Before the first Nano Banana image call in a workflow, ask: "Use default Nano Banana 2, or Nano Banana Pro?" If they have no preference, use
nano-banana-2
. Include the chosen
model
in the credit estimate (separate rows in
MASTER_CONTEXT.md
if pricing differs).
使用Nano Banana引擎调用
POST /V2/images/generate
时:
  • 默认:
    "model": "nano-banana-2"
    (Nano Banana 2)。
  • 可选: 当用户要求Nano Banana Pro时,使用
    "model": "nano-banana"
    (API没有
    nano-banana-pro
    枚举值——Pro版对应
    nano-banana
    ;详情请参考nano-banana.md)。
在工作流中首次调用Nano Banana图像生成前,询问用户:“使用默认的Nano Banana 2,还是Nano Banana Pro?” 如果用户无偏好,使用
nano-banana-2
。信用预估中需包含所选的
model
(若定价不同,
MASTER_CONTEXT.md
中需分开记录)。

Script and dialogue

脚本与对话

For any video that features a person speaking, ask the user for the script (the exact words the AI person should say). This is separate from the visual prompt — it's the dialogue.
对于任何有人物说话的视频,请用户提供脚本(AI人物应说的精确内容)。
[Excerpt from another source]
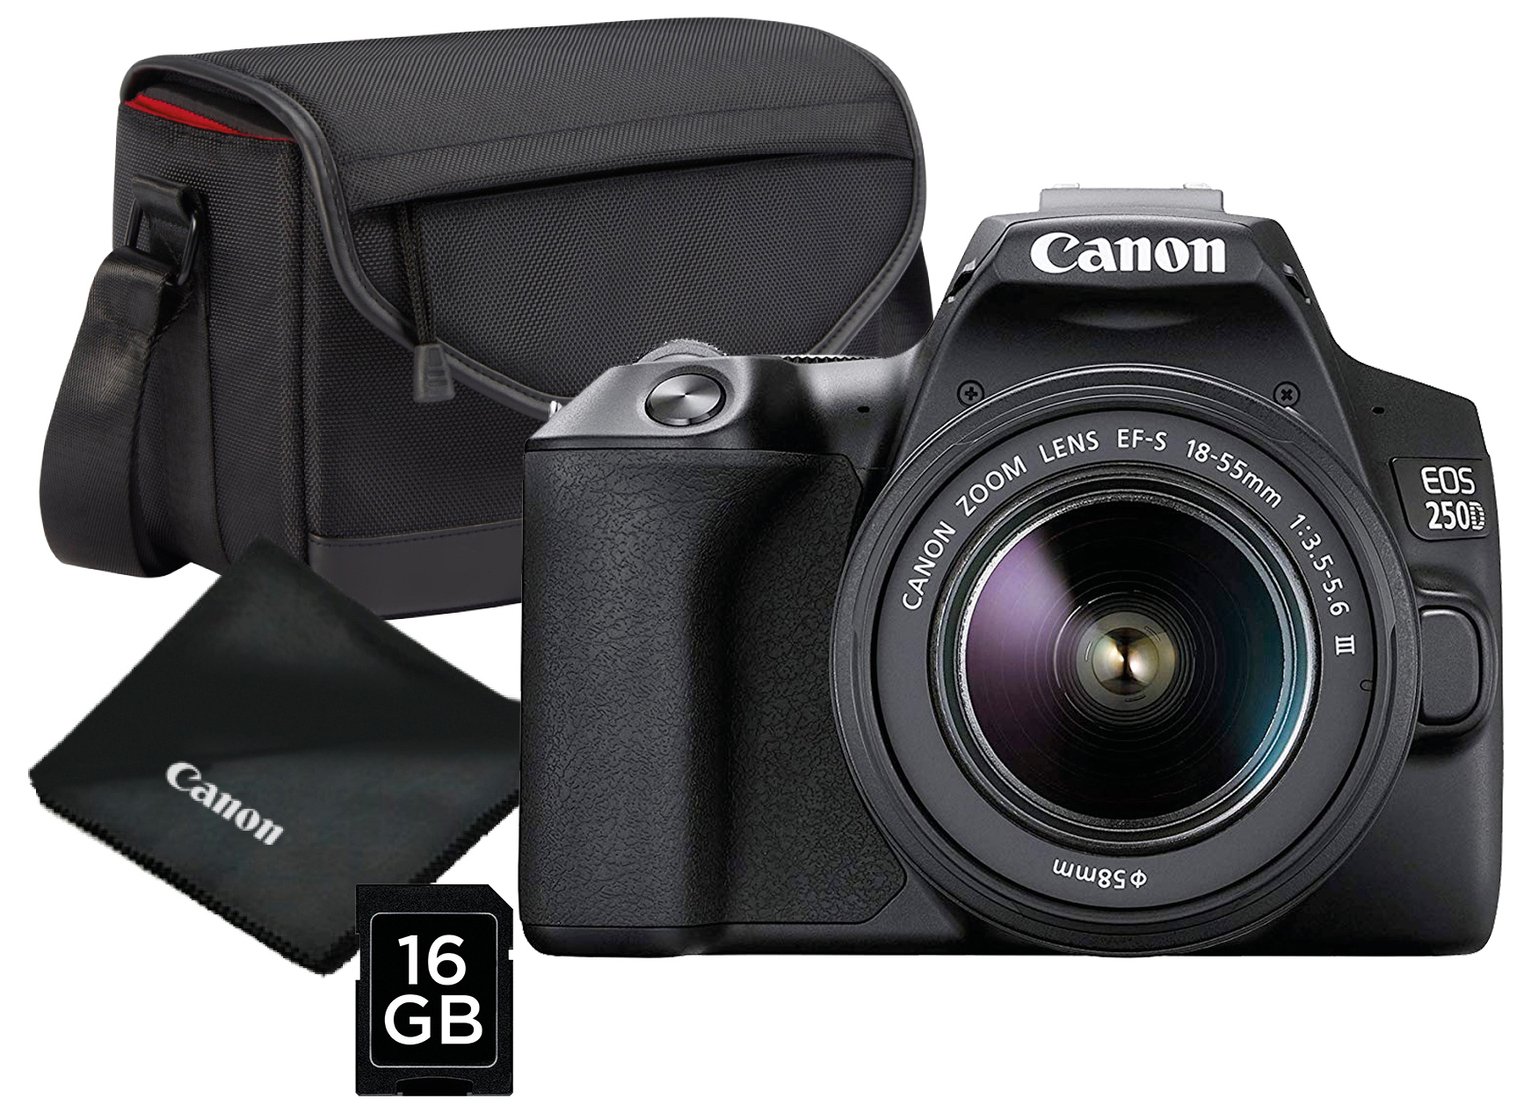 Canon EOS 250D DSLR Camera Body with 18-55mm DC Lens Bundle Review

这与视觉提示语分开——是独立的对话内容。

MANDATORY — dialogue confirmation gate

强制要求——对话确认环节

Before generating any video that contains spoken dialogue, the agent MUST:
  1. Extract the dialogue lines from the full prompt and show them to the user in a dedicated block, separate from the visual/cinematography description.
  2. Present them as a clean, numbered list with beat labels (hook / show / demo / verdict, or similar) and any silent beats clearly marked as
    (silent beat — no dialogue)
    .
  3. Read the dialogue out loud in your head at a natural pace, time it against the target duration, and flag the total spoken word count plus whether it comfortably fits.
  4. Explicitly ask for dialogue approval before moving on — e.g. "Approve this dialogue? (yes / edit / rewrite)". Never assume approval from earlier confirmations (tone, template, credit cost). Dialogue approval is its own gate.
  5. Only after the user types
    yes
    (or equivalent) may you proceed to the credit cost confirmation and then generation. If the user says "edit" or proposes changes, revise and re-present the numbered dialogue block until they approve.
Presentation format (use this exact structure):
📝 Dialogue script (please confirm before I generate)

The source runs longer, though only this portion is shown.